* [YOUR INSTRUCTIONS]
In the copy, keep every line below as it is and leave out the pictures.

* [AVAILABLE DATA]
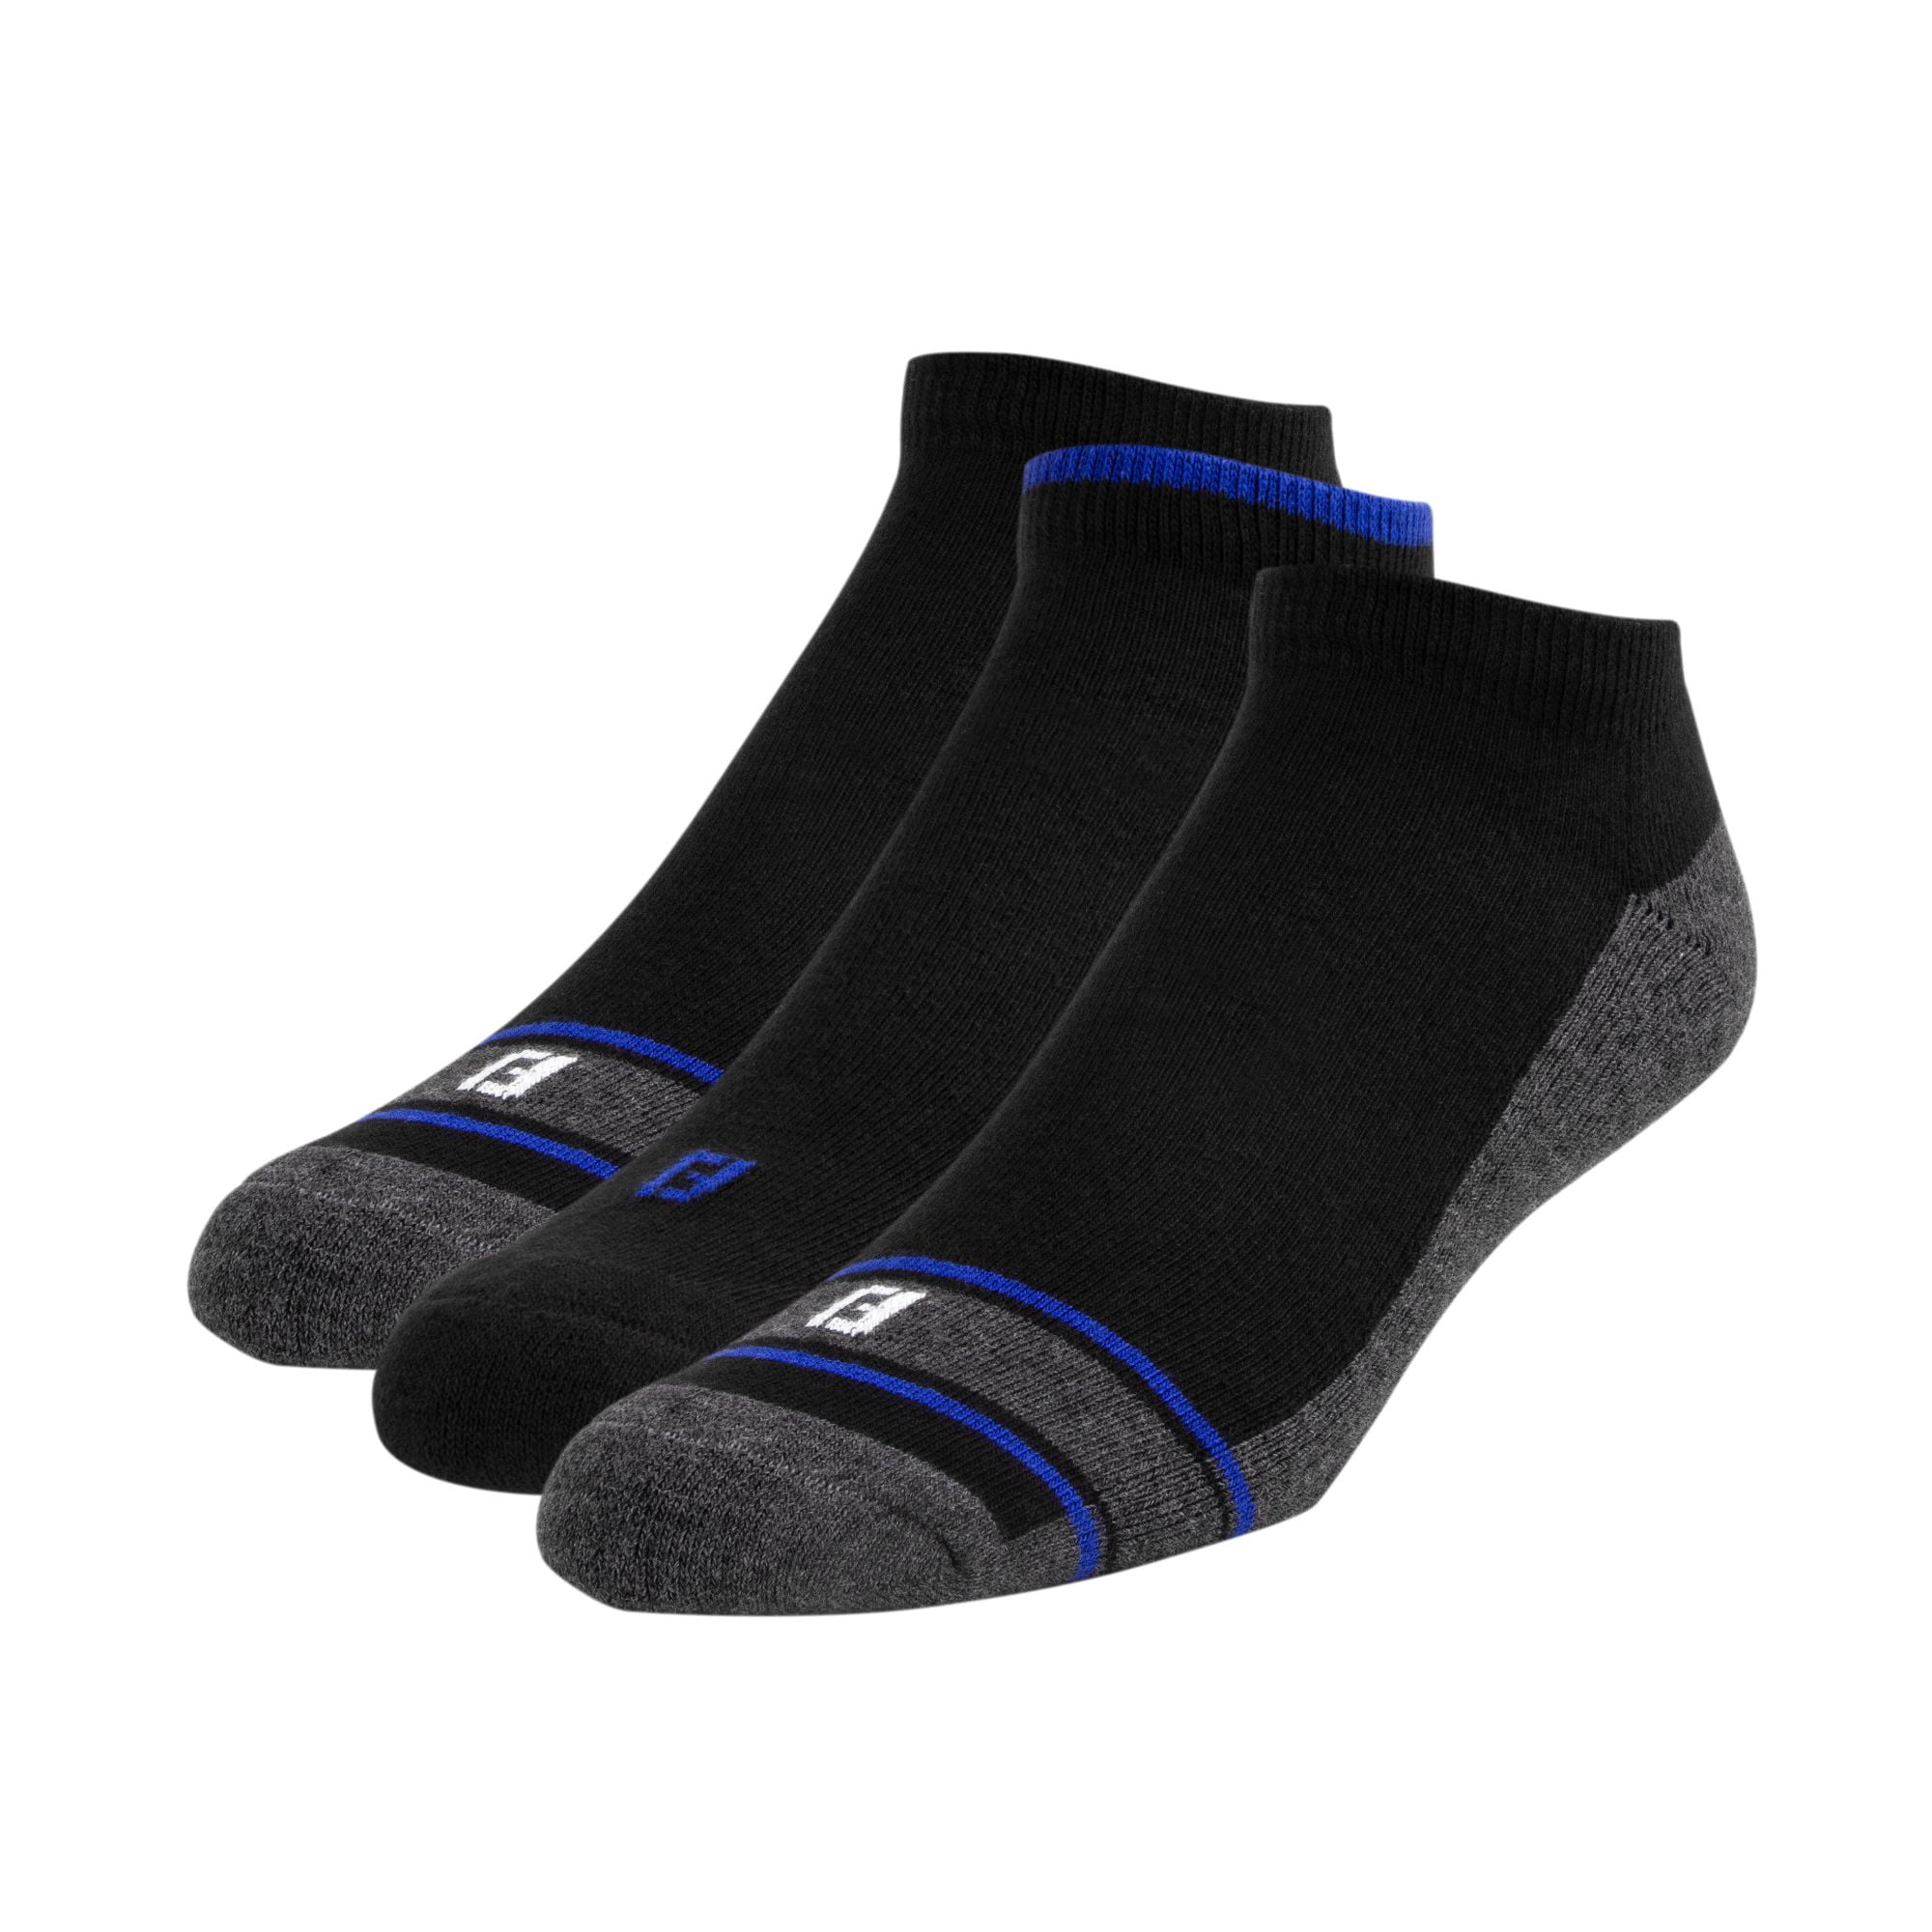 FootJoy FootJoy Men's ComfortSof Low Cut Golf Socks 3 Pack
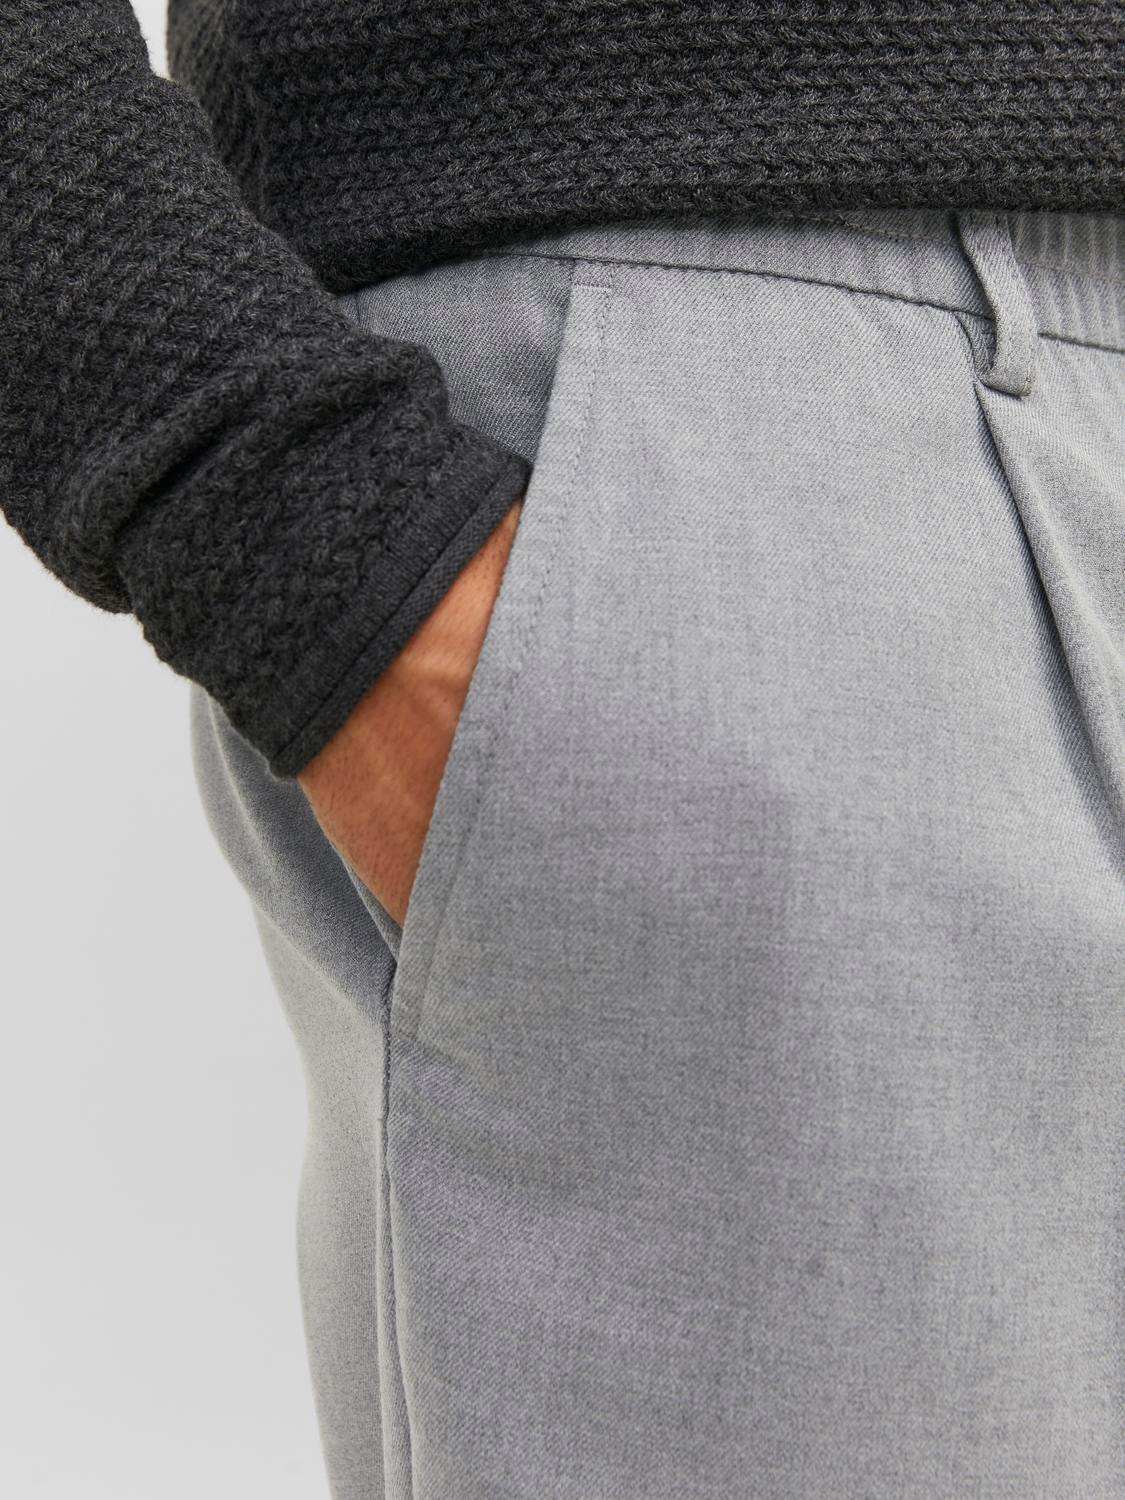 Jack & Jones Pantalones chinos Loose Fit -Light Grey Melange - 12242212
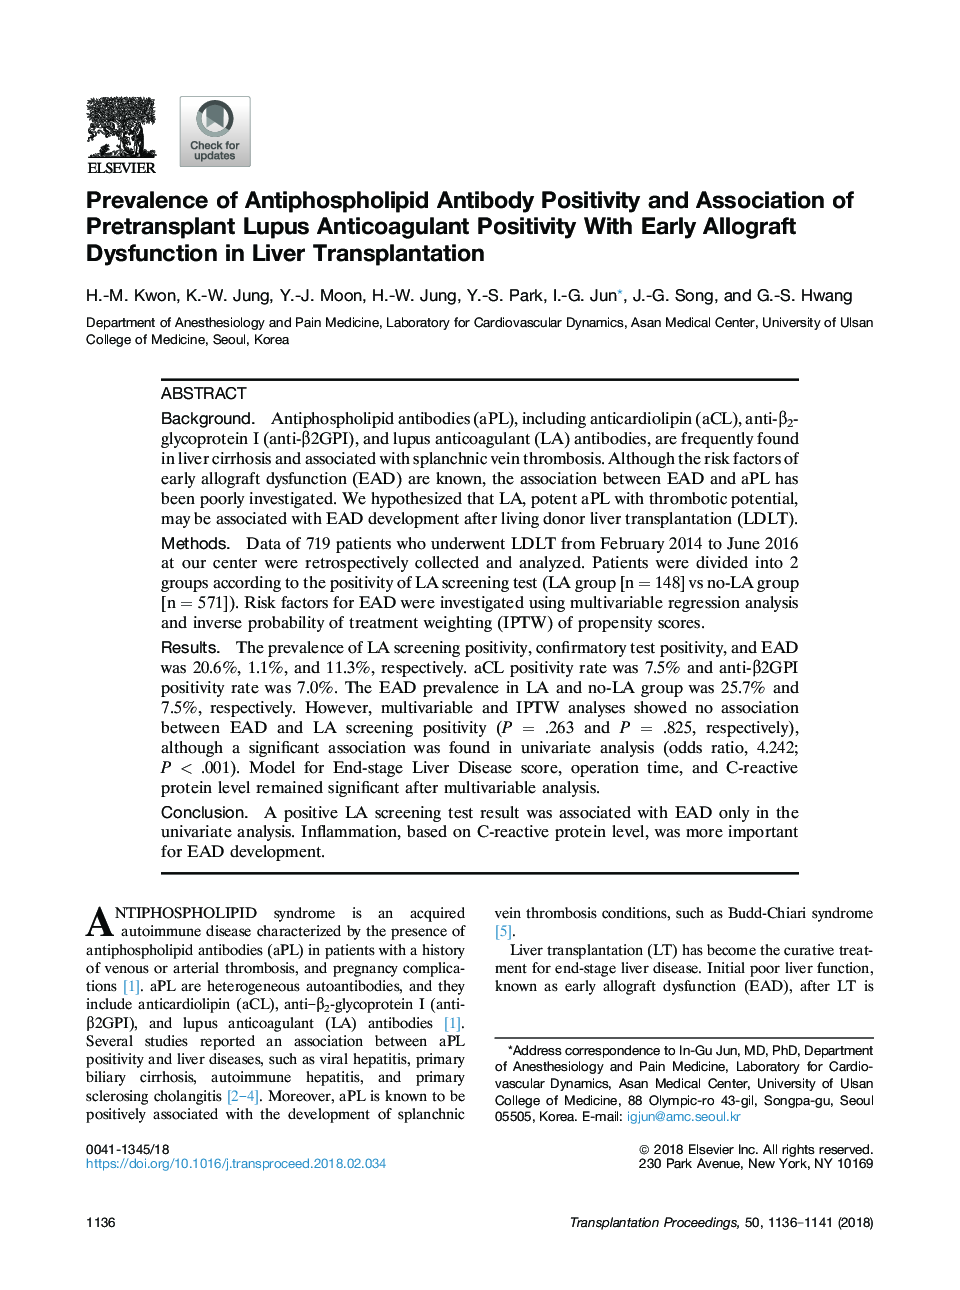 Prevalence of Antiphospholipid Antibody Positivity and Association of Pretransplant Lupus Anticoagulant Positivity With Early Allograft Dysfunction in Liver Transplantation
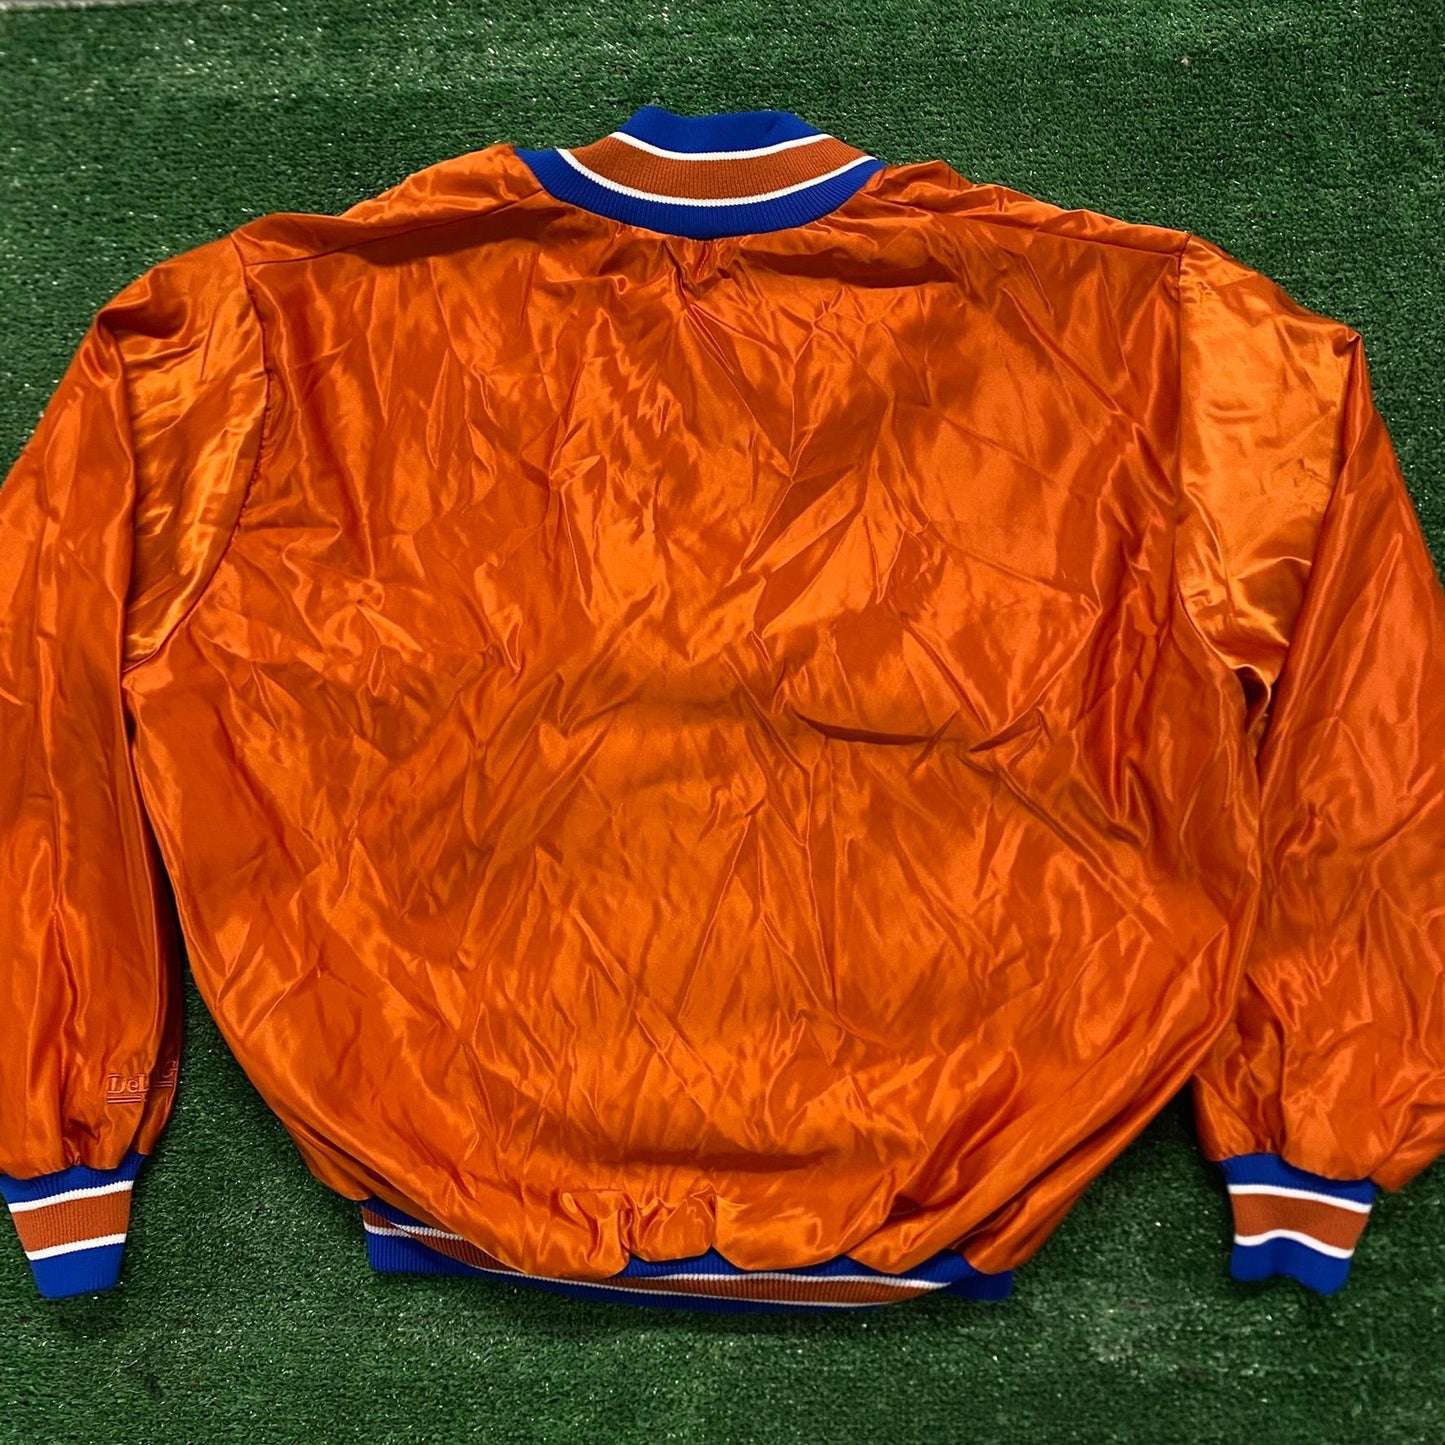 Vintage 90s Longhorn Athletics Sports Satin Bomber Jacket

* [EXERCISE RESPONSE]
 FootJoy FootJoy Men's ComfortSof Low Cut Golf Socks 3 Pack
 Jack & Jones Pantalones chinos Loose Fit -Light Grey Melange - 12242212
 Prevalence of Antiphospholipid Antibody Positivity and Association of Pretransplant Lupus Anticoagulant Positivity With Early Allograft Dysfunction in Liver Transplantation
 Vintage 90s Longhorn Athletics Sports Satin Bomber Jacket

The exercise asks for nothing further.